(Given information begins)

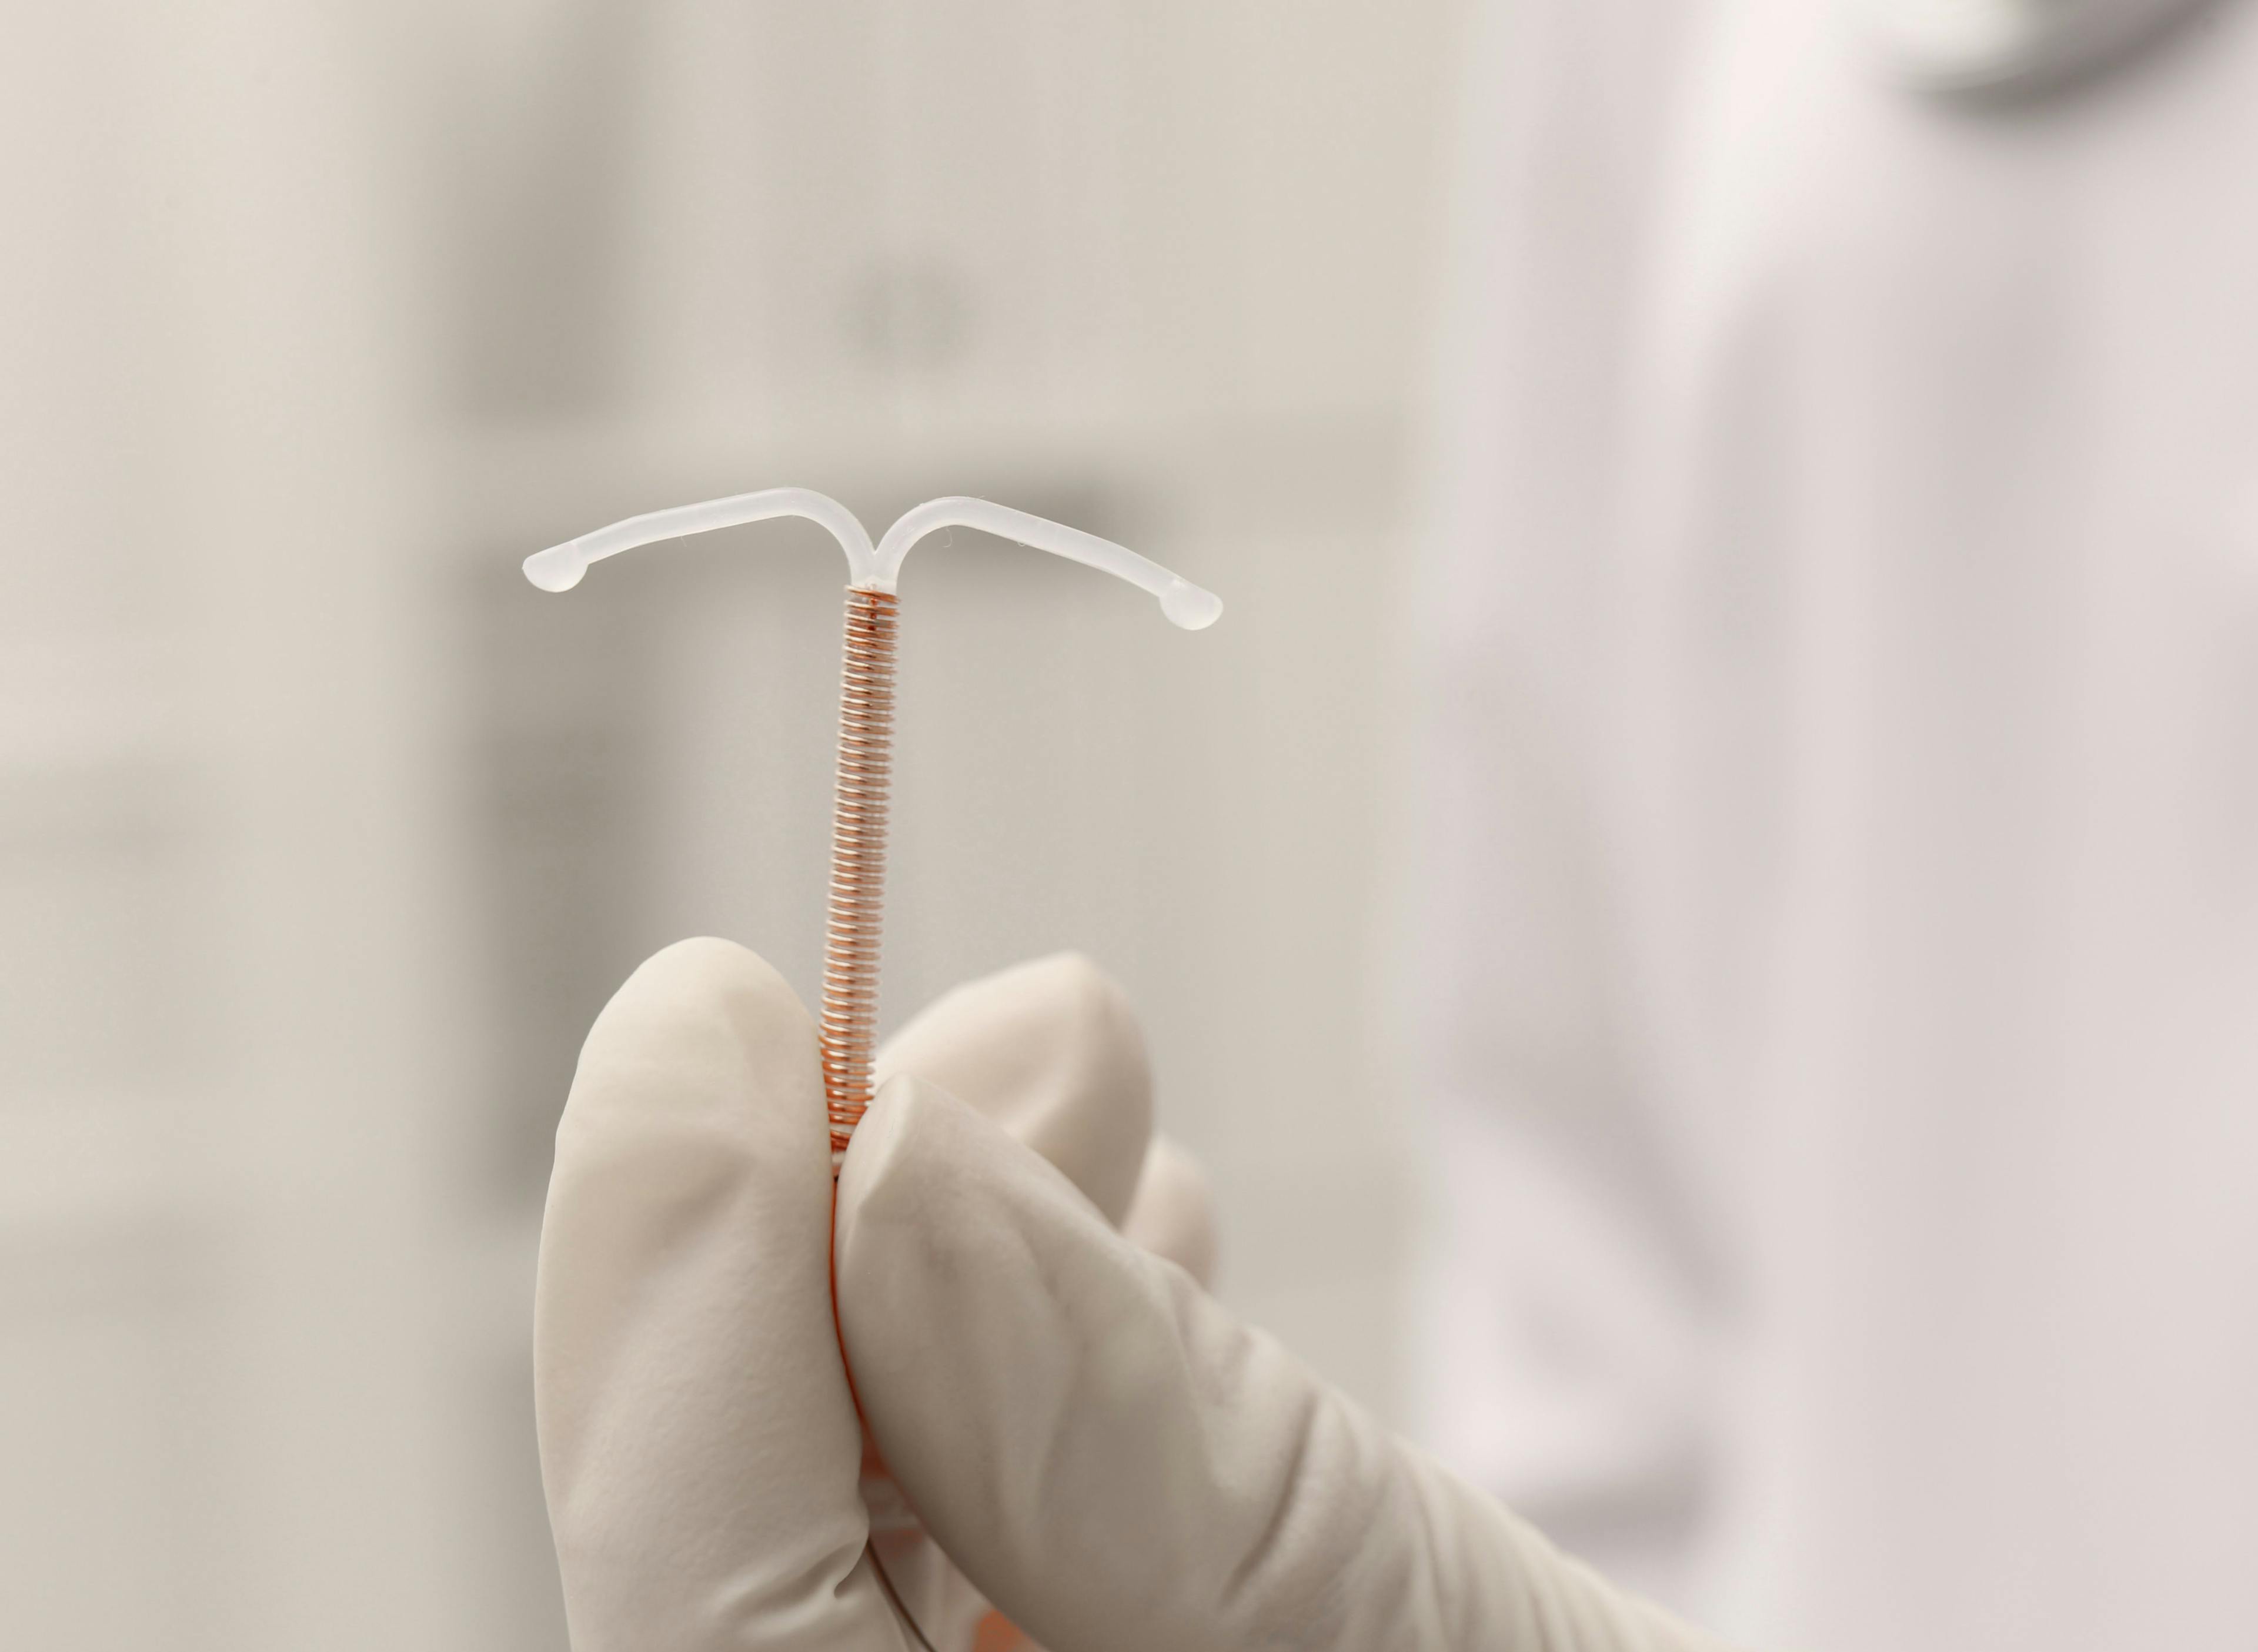 Virtual IUD placement training improves clinician confidence
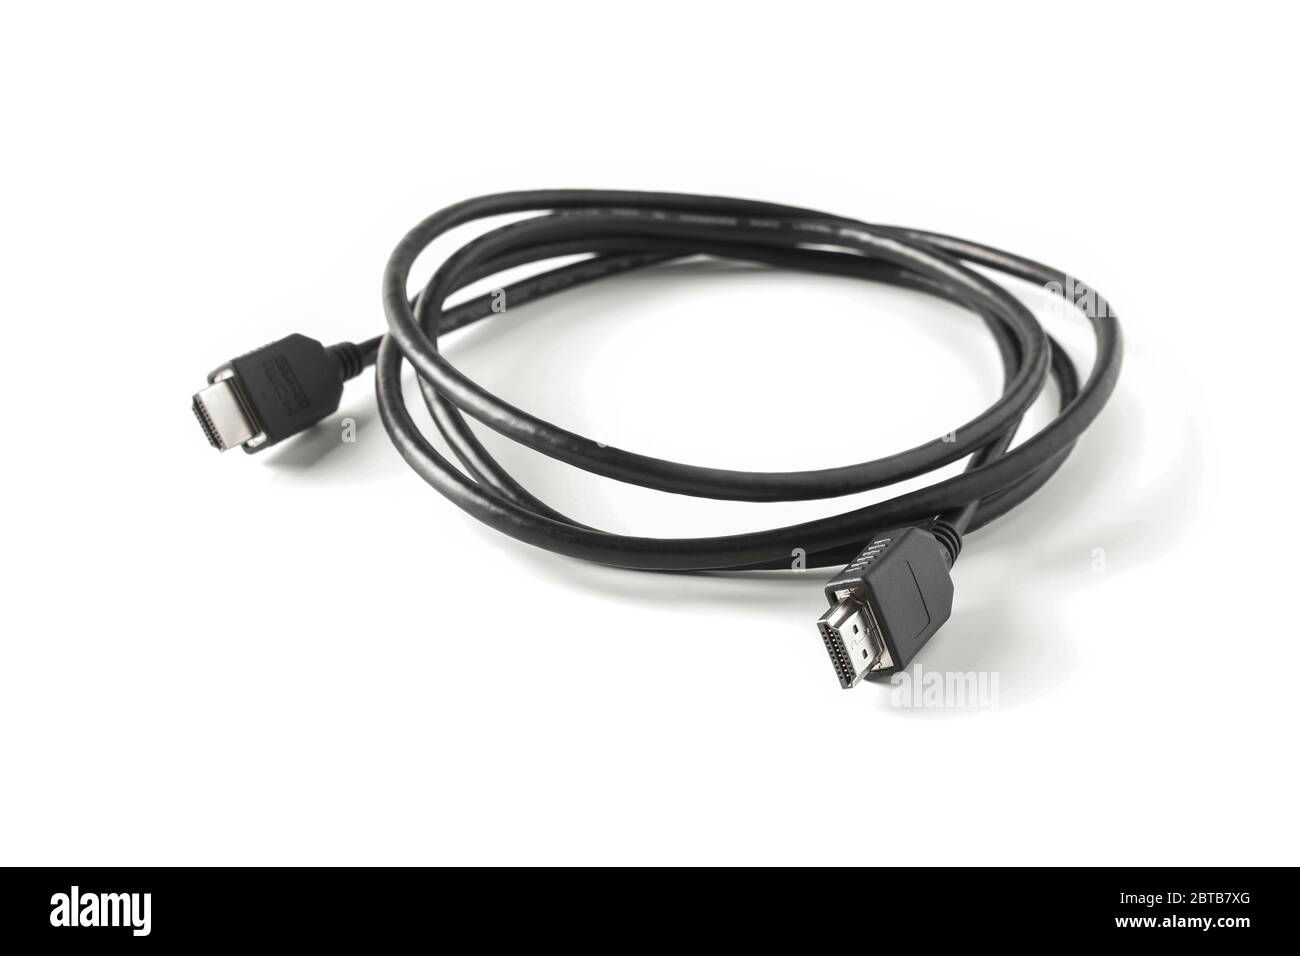 HDMI Cable close up isolated on white background Stock Photo - Alamy
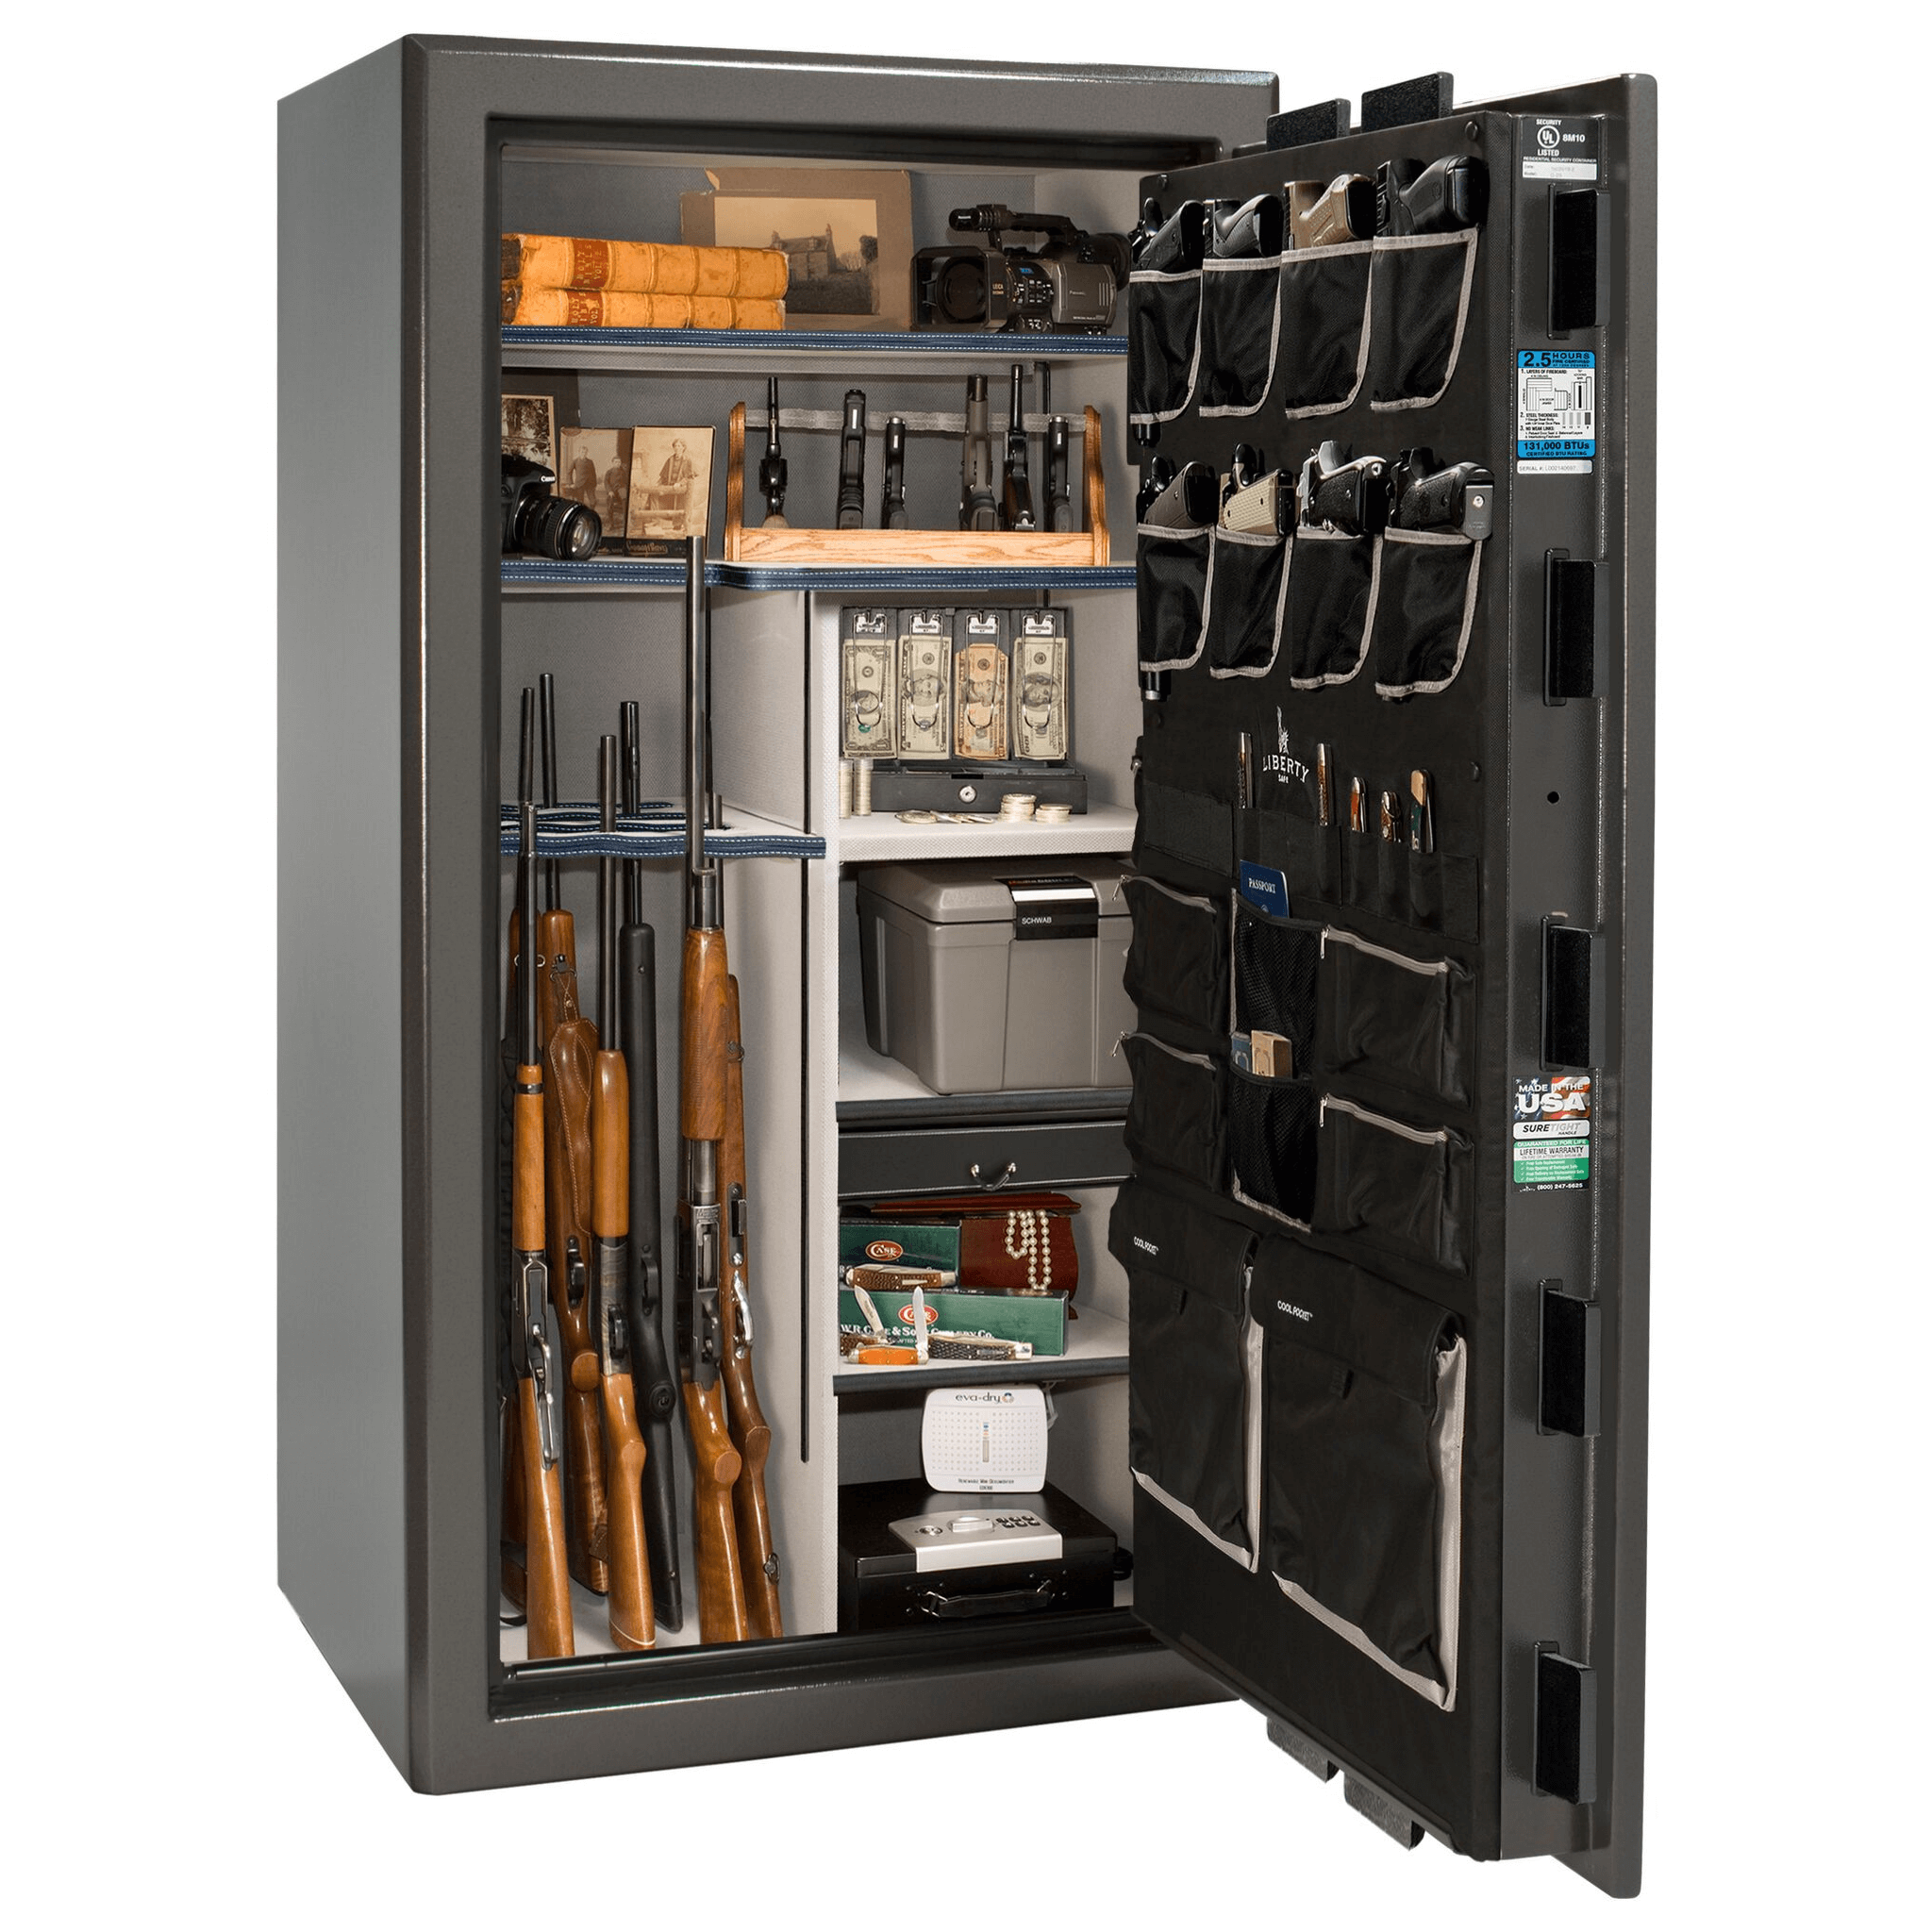 Presidential Series | Level 8 Security | 2.5 Hours Fire Protection | 40 | Dimensions: 66.5"(H) x 36.25"(W) x 32"(D) | Gray Marble | Black Chrome Hardware | Mechanical Lock

(Given information ends)

◆ Problem statement
The data above needs to be retyped exactly, with the images left out.

◆ Exercise response
 Virtual IUD placement training improves clinician confidence
 HDMI Cable close up isolated on white background Stock Photo - Alamy
 Presidential Series | Level 8 Security | 2.5 Hours Fire Protection | 40 | Dimensions: 66.5"(H) x 36.25"(W) x 32"(D) | Gray Marble | Black Chrome Hardware | Mechanical Lock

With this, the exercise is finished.